== Problem requirements ==
Transcribe the full listing below, word for word, without pictures.

== Material provided ==
========================================
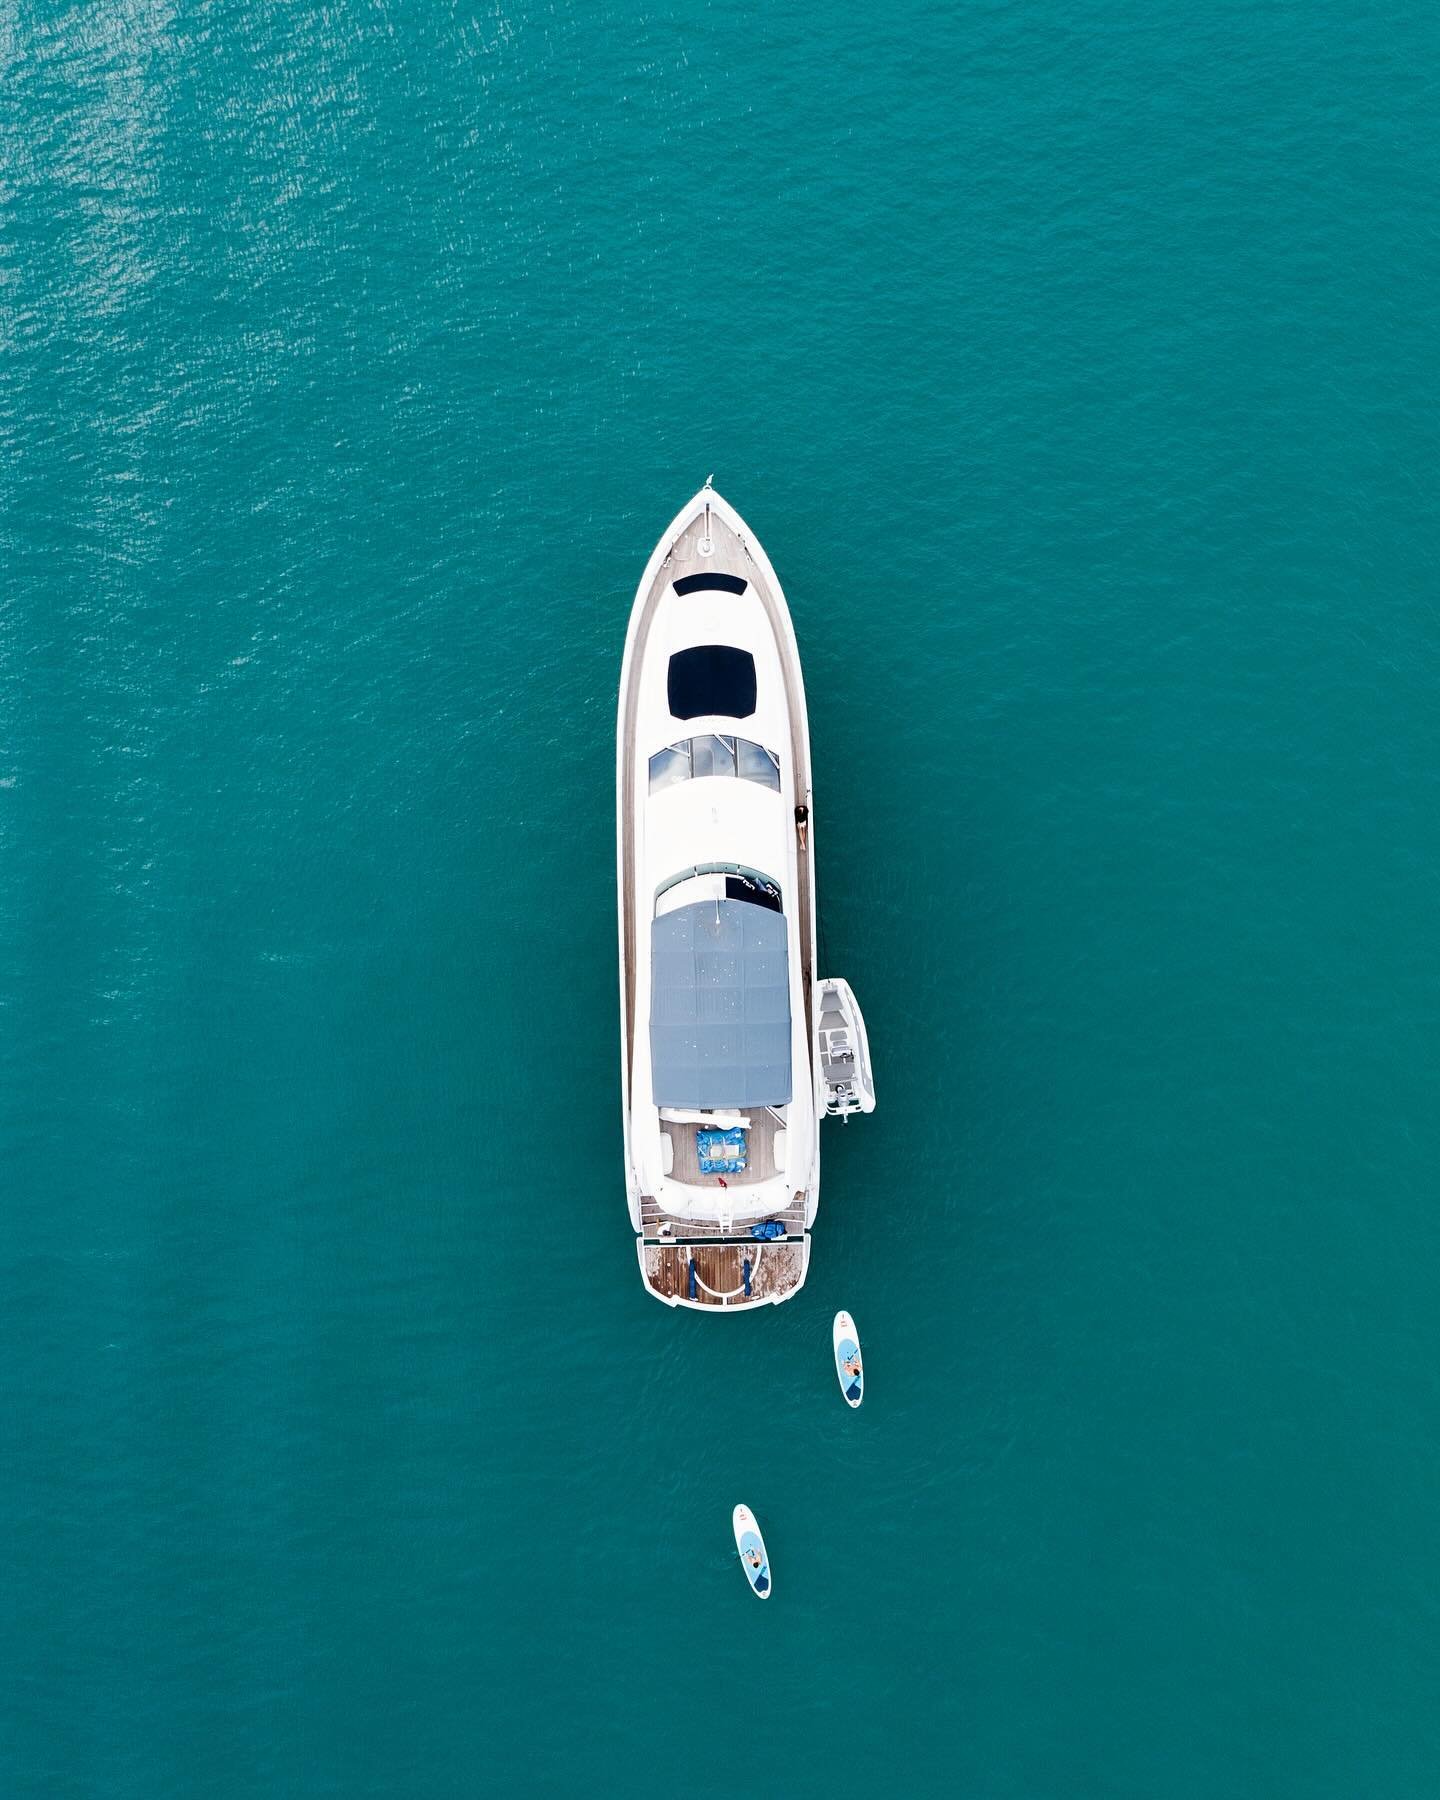 Sail into the white-sand and crystal-clear waters of the Whitsundays with an expert crew while enjoying the unmatched comfort and luxury of the 82ft luxurious Sunseeker, M/Y Alani.

With a private chef and attentive crew, every aspect of your journey
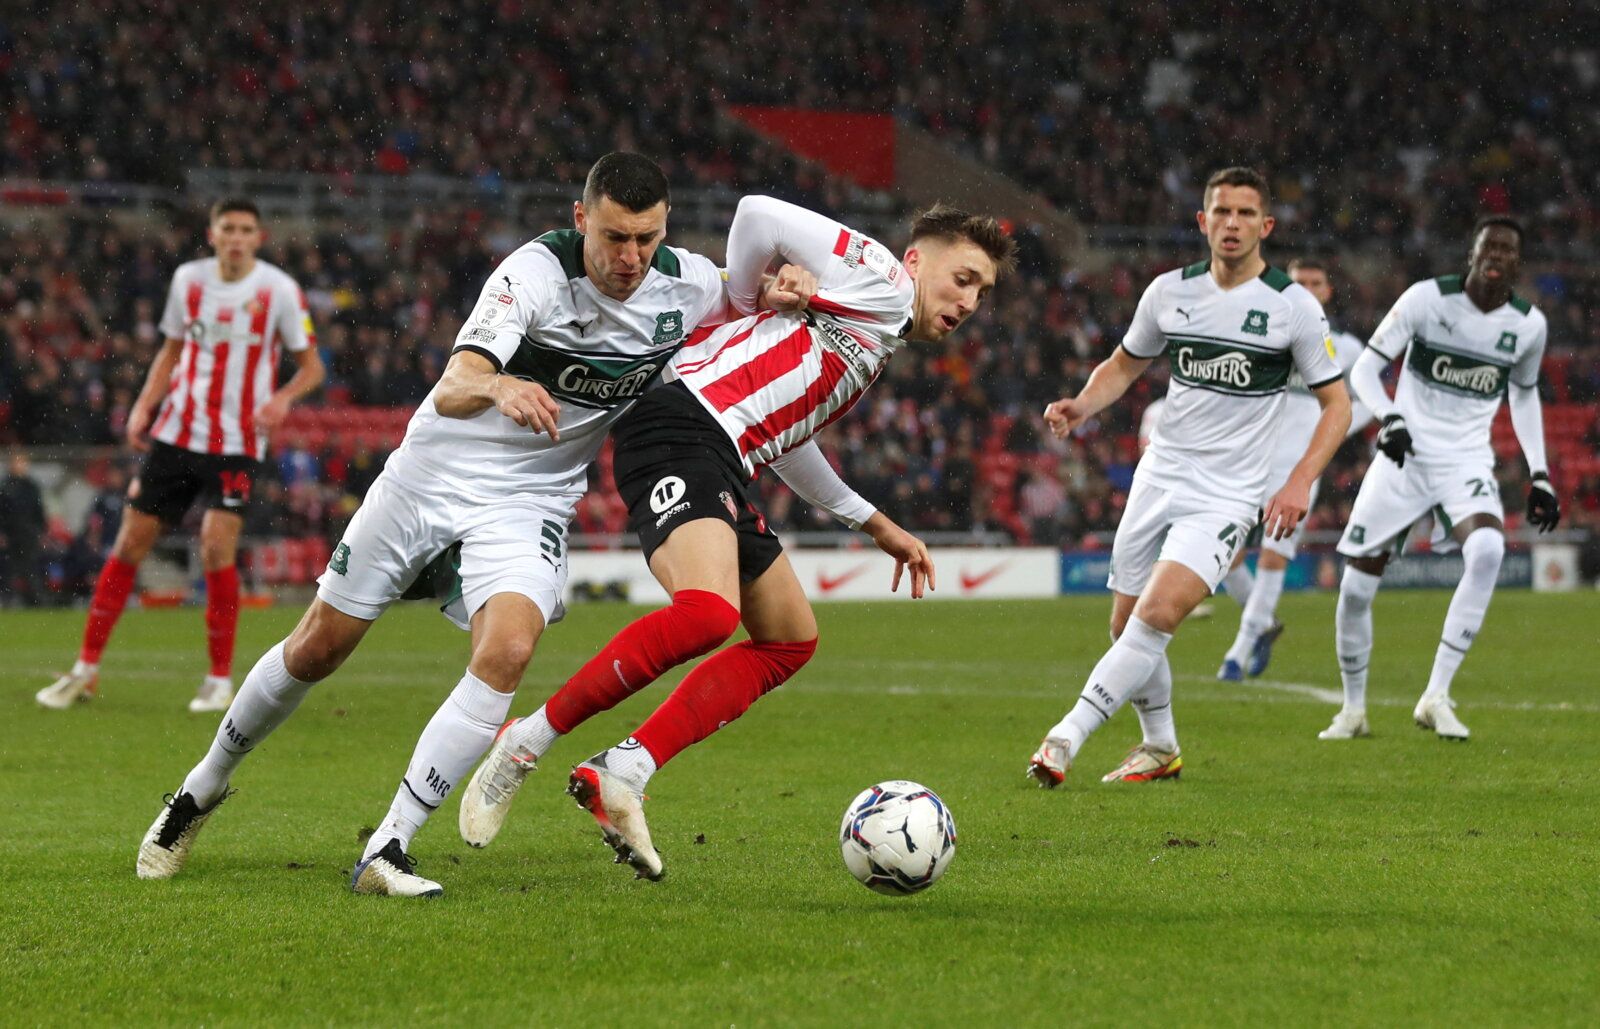 Soccer Football - League One- Sunderland v Plymouth Argyle - Stadium of Light, Sunderland, Britain - December 11, 2021  Sunderland's Dan Neil in action with Plymouth's James Wilson   Action Images/Lee Smith  EDITORIAL USE ONLY. No use with unauthorized audio, video, data, fixture lists, club/league logos or 
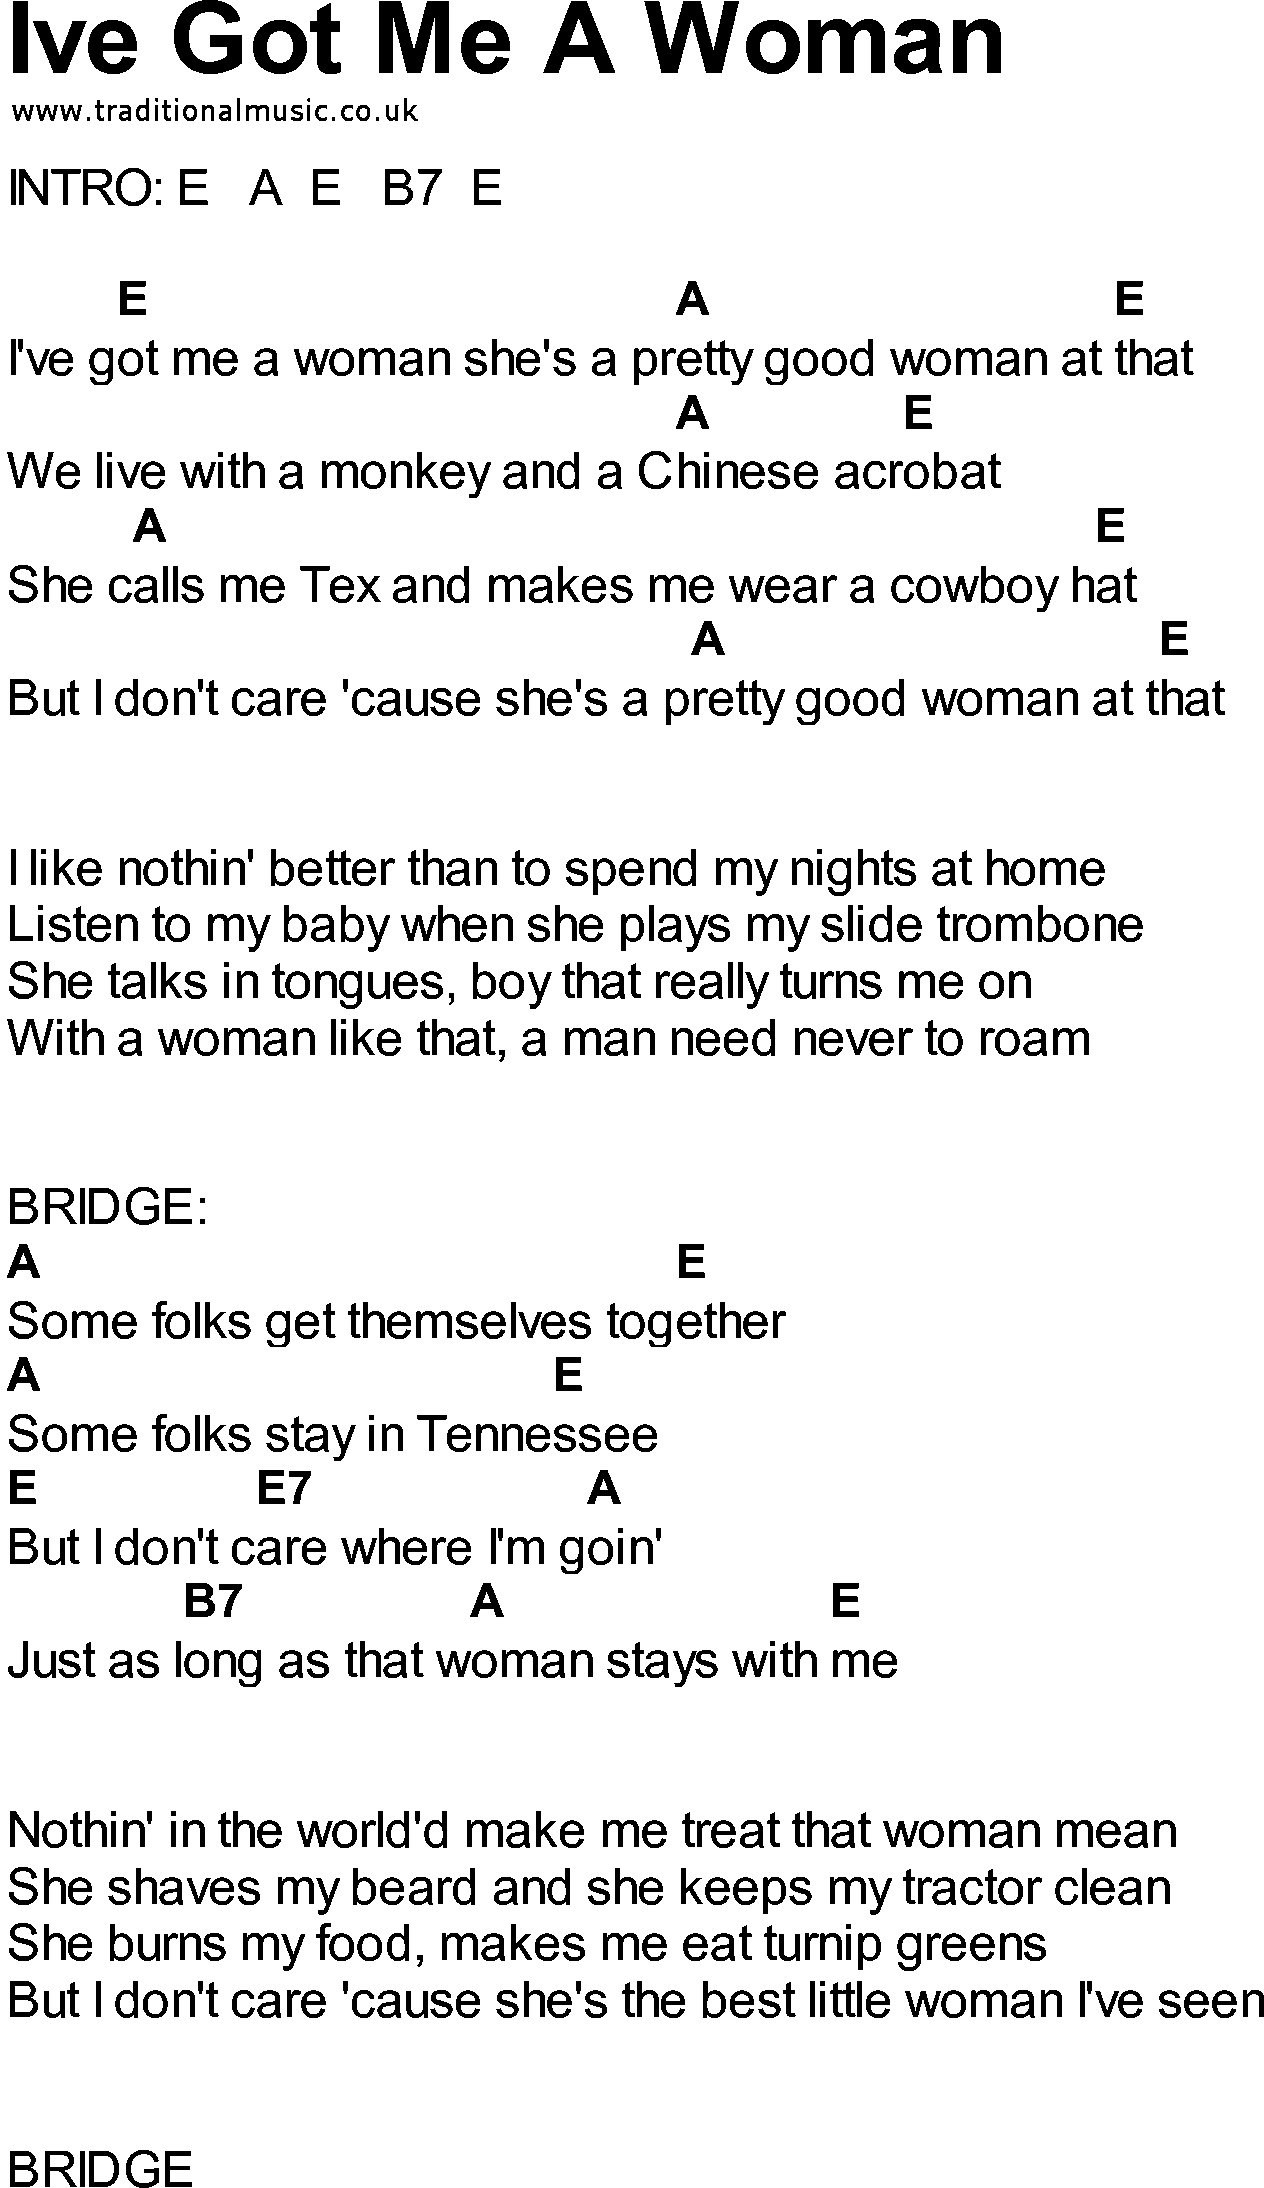 Bluegrass songs with chords - Ive Got Me A Woman
========================================
== Output for this exercise ==
 Sail into the white-sand and crystal-clear waters of the Whitsundays with an expert crew while enjoying the unmatched comfort and luxury of the 82ft luxurious Sunseeker, M/Y Alani.

With a private chef and attentive crew, every aspect of your journey
 Soccer Football - League One- Sunderland v Plymouth Argyle - Stadium of Light, Sunderland, Britain - December 11, 2021  Sunderland's Dan Neil in action with Plymouth's James Wilson   Action Images/Lee Smith  EDITORIAL USE ONLY. No use with unauthorized audio, video, data, fixture lists, club/league logos or 
 Bluegrass songs with chords - Ive Got Me A Woman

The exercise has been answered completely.